29. This scam isn't dependent on the operating system. Windows, Mac, iOS, Linux, whatever.
Sat Jul 11, 2026, 04:28 PM
23 hrs ago

They aren't trying to take over your machine, PC, Mac, laptop, phone. They want access to your authentication tokens (login, password, multi-factor text message, etc.) and from there they can start to raid your online accounts. They usually already have enough information on you personally (name, address, phone#s, emails, sometimes SSN) so just a little more info from you directly can help them close the loops.

Ms. Toad

(38,979 posts)
4. This is the key: Never take an inbound call from a financial company.
Sat Jul 11, 2026, 12:50 PM
Yesterday

I am amazed at how many people treat inbound calls and texts as legitimate. If I didn't initiate it, there is no way I am providing any information.

I am also amazed at how many credit card companies use unsolicited class to confirm suspected fraud. I have had my credit cards shut off because I refuse to confirm (or deny) recent purchases when they call me our of the blue. It is ridiculous to expect a response to particularized financial questions asked in an unsolicited call. I tell them that, hang up, call the number on the back of the cad - and if it was a legitimate call, I read them the riot act for using a business model that counts on me being fiscally irresponsible.

AZJonnie

(4,288 posts)
6. So if you are traveling and spend a decent amount of $ at a city far from where you are 99% of the time
Sat Jul 11, 2026, 01:21 PM
Yesterday

And it appears legit and says "Did you just spend $857.38 at Far Flung Trading Company" and you know you did, like 10 seconds earlier, and the purchase was declined, and it makes sense this might trigger the credit card company to flag the purchase (as in this case), you refuse to reply to it, on the premise that it would be fiscally irresponsible to do so? I'm trying to reckon "how so"? Even if it was fake, what is the risk? Not saying you're wrong about it, I'm trying to see if there's something I've missed/not thought about?

About a year ago someone leveraged my Playstation Plus account to buy a bunch of games totaling over $300 and I got a fraud alert and said "No, I did not" and it was all legit (someone really had gotten hold of my password or some such), and soon after got my money (which IIRC was only on hold, not actually charged IIRC) back.

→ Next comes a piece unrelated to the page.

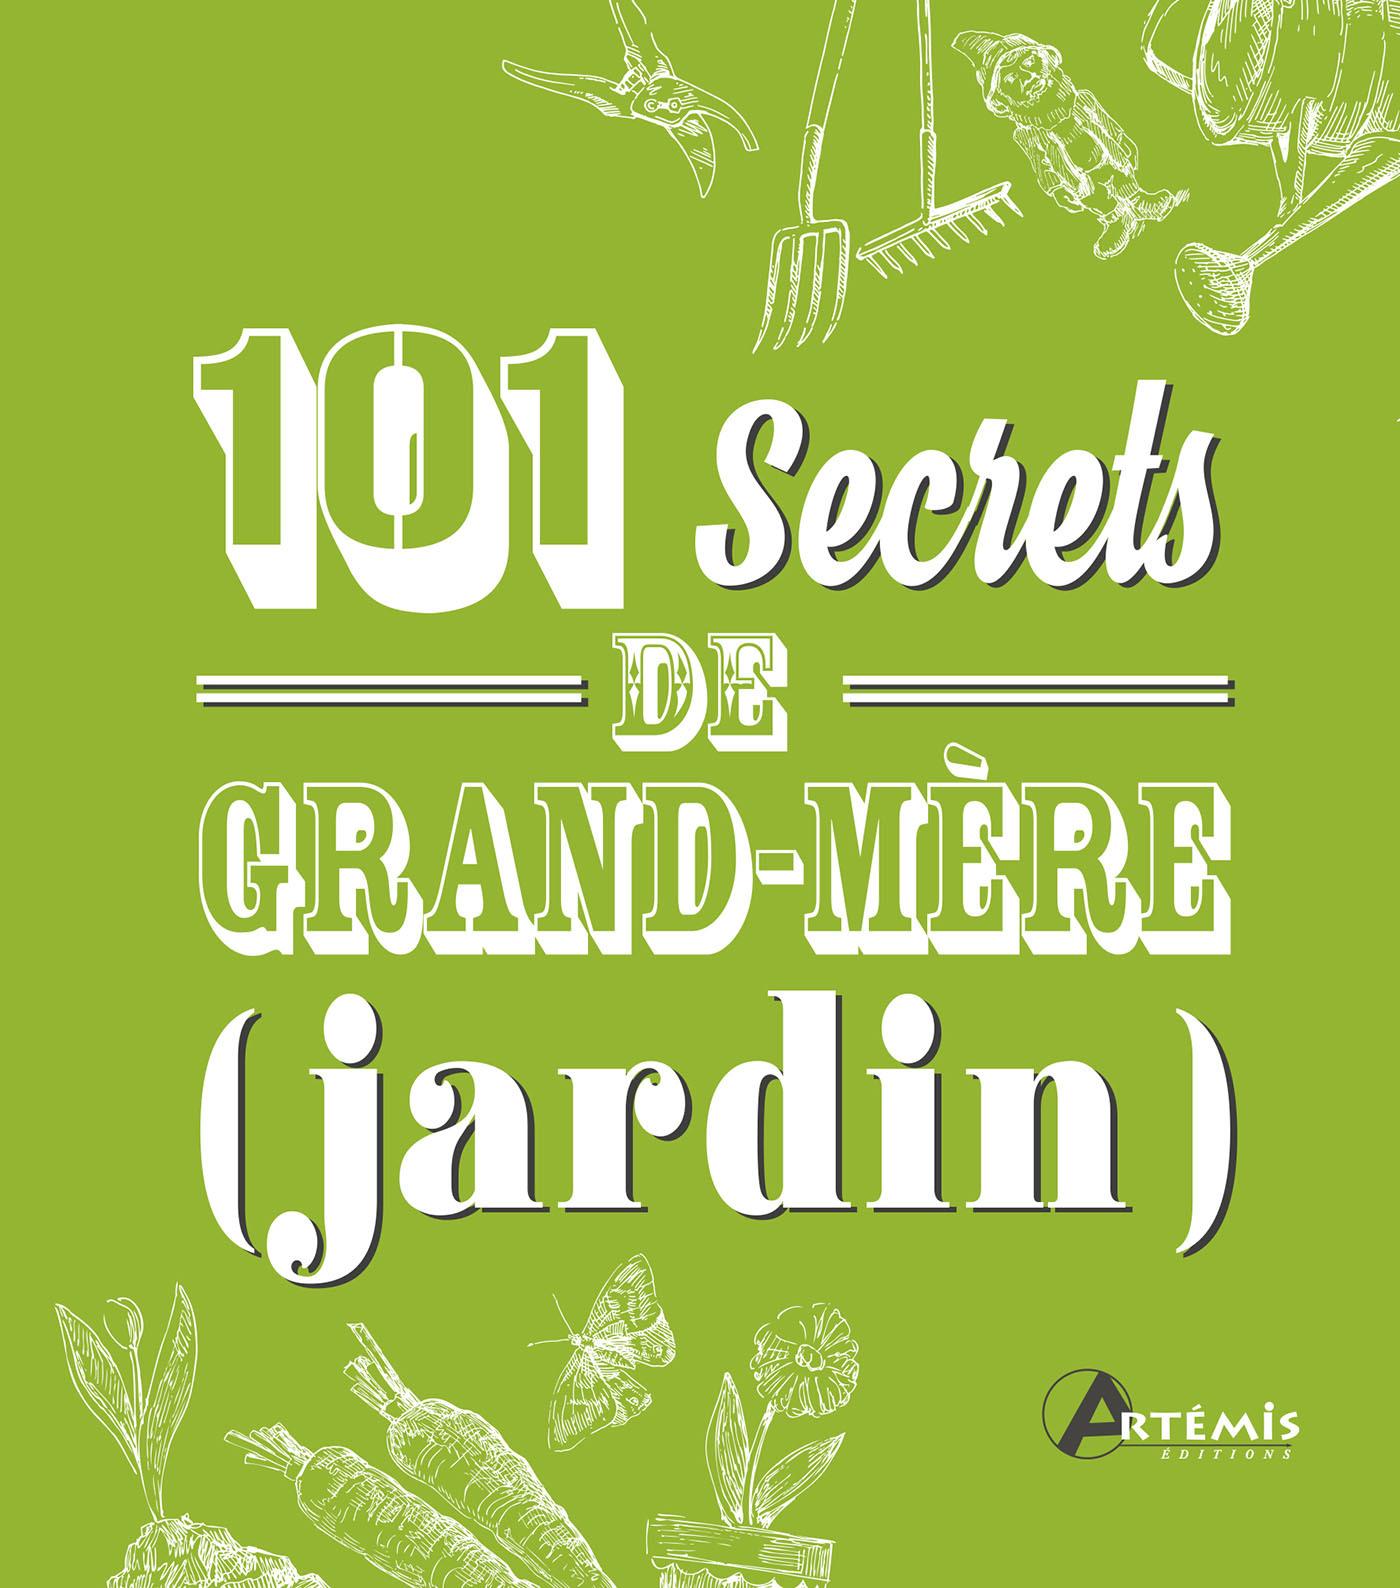 101 SECRETS DE GRAND-MERE JARDIN

I guess what I mean is apart from the fact you'd be letting a marketer know that this phone number links to a real person, what is the 'exposure' involved in simply affirming or denying a purchase in an amount at a place? What am I missing?

paleotn

(23,261 posts)
11. My Credit Union asks me to call them directly whenever I get a fraud alert.
Sat Jul 11, 2026, 01:59 PM
Yesterday

No call back to the number that left the message. No response to a text. I just call the fraud line directly during their operating hours and they take care of it from there.

It seems with all the seamlessness of one google sign in or Apple ID, both have created a single point of failure. Get that info, which apparently isn't hard to do, and they've got the keys to the literal kingdom. My credit union short circuits all that. Plus asks me about 50 questions my better half doesn't even know all the answers to.

Randomthought

(1,098 posts)
14. Good advice
Sat Jul 11, 2026, 02:15 PM
Yesterday

Never call number in text or email. Look up the number of bank orcrdit card company yourself.

Ms. Toad

(38,979 posts)
17. Yes, I would (and have repeatedly refused).
Sat Jul 11, 2026, 02:42 PM
Yesterday

Any unsolicited call about financial information. Should be declined. Flip your card over and call the number in the back of the card. Anything that can be resolved by phone you can resolve with a call you initiate.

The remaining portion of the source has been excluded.